- Date: February 1, 2014
- Site: Hollywood & Highland Ray Dolby Ballroom

Highlights
- Cinematography in Theatrical Releases: Gravity

= 2013 American Society of Cinematographers Awards =

Annual US film and television awards

The 28th American Society of Cinematographers Awards were held on February 1, 2014, at the Hollywood & Highland Ray Dolby Ballroom, honoring the best cinematographers of film and television in 2013.

The film nominees were announced on January 8, 2014. A three-way tie boosted the number of film nominees to seven. Sean Bobbitt, Philippe Le Sourd, and Phedon Papamichael received their first nominations in the film category (though Papamichael has received prior nominations for his TV work).

This year also marked the inaugural Spotlight Award "to recognize outstanding cinematography in features and documentaries typically screened at film festivals, internationally or in limited theatrical release". The nominees were announced on January 14, 2014.

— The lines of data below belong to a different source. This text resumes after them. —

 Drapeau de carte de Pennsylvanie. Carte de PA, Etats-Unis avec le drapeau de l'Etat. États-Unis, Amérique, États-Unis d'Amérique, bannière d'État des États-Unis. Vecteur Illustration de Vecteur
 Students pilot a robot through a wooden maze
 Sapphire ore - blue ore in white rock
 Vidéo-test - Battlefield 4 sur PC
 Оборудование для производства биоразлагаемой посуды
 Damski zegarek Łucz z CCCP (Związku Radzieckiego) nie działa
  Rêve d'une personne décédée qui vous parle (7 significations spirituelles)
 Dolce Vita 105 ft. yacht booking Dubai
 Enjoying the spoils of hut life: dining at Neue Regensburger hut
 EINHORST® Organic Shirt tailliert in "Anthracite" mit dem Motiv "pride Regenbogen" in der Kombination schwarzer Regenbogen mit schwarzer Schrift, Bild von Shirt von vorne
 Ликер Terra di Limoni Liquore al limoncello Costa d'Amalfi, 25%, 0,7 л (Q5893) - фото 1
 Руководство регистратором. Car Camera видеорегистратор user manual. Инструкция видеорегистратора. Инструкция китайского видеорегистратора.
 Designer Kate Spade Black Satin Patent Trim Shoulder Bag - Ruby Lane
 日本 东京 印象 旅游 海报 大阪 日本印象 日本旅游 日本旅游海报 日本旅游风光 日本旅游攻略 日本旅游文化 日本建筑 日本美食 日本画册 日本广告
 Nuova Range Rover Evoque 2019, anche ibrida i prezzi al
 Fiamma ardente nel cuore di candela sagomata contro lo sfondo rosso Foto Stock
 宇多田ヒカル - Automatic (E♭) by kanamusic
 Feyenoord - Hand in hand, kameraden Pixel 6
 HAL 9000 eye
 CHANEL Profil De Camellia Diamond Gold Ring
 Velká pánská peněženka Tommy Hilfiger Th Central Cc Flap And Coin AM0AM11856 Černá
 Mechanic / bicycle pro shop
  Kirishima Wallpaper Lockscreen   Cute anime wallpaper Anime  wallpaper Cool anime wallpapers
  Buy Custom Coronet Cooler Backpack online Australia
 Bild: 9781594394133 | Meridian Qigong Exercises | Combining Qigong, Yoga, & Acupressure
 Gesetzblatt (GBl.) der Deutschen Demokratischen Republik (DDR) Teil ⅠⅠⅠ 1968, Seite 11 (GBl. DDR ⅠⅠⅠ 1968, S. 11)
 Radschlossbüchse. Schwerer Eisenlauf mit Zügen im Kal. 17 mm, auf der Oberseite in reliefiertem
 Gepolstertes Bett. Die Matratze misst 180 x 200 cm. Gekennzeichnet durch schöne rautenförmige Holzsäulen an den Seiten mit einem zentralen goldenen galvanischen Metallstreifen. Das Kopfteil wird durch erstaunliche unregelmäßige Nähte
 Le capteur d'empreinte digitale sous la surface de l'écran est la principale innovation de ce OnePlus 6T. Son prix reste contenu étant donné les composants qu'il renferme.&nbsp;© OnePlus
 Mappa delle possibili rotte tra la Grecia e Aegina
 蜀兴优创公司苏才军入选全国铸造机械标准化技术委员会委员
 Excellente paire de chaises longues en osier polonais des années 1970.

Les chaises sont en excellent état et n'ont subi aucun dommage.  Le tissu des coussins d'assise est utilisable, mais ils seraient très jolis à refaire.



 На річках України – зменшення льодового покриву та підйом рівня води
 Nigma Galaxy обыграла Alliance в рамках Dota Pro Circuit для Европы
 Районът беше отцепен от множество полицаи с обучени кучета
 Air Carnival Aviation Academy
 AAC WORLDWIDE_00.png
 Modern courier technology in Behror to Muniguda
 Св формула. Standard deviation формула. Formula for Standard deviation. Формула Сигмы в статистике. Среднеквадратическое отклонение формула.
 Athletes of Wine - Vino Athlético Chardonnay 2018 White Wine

With his third win in the film cinematography category, Emmanuel Lubezki joined Roger Deakins and Conrad L. Hall as the only cinematographers to have won the award more than twice.

==Winners and nominees==

===Board of Directors Award===
- awarded to writer-director-producer John Wells.

===Film===

====Outstanding Achievement in Cinematography in Theatrical Release====
- Emmanuel Lubezki, ASC, AMC – Gravity
  - Barry Ackroyd, BSC – Captain Phillips
  - Sean Bobbitt, BSC – 12 Years a Slave
  - Roger Deakins, ASC, BSC – Prisoners
  - Bruno Delbonnel, ASC, AFC – Inside Llewyn Davis
  - Philippe Le Sourd – The Grandmaster
  - Phedon Papamichael, ASC – Nebraska

====Spotlight Award====
- Łukasz Żal and Ryszard Lenczewski – Ida
  - Mark Lee Ping Bin – Renoir
  - Camille Cottagnoud – Winter Nomads

===Television===

====Outstanding Achievement in Cinematography in One-Hour Episodic Television Series====
- Jonathan Freeman, ASC – Game of Thrones (Episode: "Valar Dohaeris") (HBO)
  - Steven Bernstein, ASC – Magic City (Episode: "The Sins of the Father") (Starz)
  - David Franco – Boardwalk Empire (Episode: "Erlkönig") (HBO)
  - Pierre Gill, CSC – The Borgias (Episode: "The Purge") (Showtime)
  - David Greene, CSC – Beauty and the Beast (Episode: "Tough Love") (The CW)
  - Anette Haellmigk – Game of Thrones (Episode: "Kissed by Fire") (HBO)
  - Kramer Morgenthau, ASC – Sleepy Hollow (Episode: "Pilot") (Fox)
  - Ousama Rawi, BSC, CSC – Dracula (Episode: "The Blood Is the Life") (NBC)

====Outstanding Achievement in Cinematography in Half-Hour Episodic Series====
- Blake McClure – Drunk History (Episode: "Detroit") (Comedy Central)
  - Peter Levy, ASC, ACS – House of Lies (Episode: "The Runner Stumbles") (Showtime)
  - Matthew J. Lloyd, CSC – Alpha House (Episode: "Pilot") (Amazon)

====Outstanding Achievement in Cinematography in Television Movie/Miniseries====
- Jeremy Benning, CSC – Killing Lincoln (National Geographic)
  - David Luther – The White Queen (Episode: "War at First Hand") (Starz)
  - Ashley Rowe, BSC – Dancing on the Edge (Episode: "Episode 1.1") (Starz)

===Other awards===
- ASC International Award: Eduardo Serra
- Bud Stone Award of Distinction: Beverly Wood
- Career Achievement in Television: Richard M. Rawlings Jr.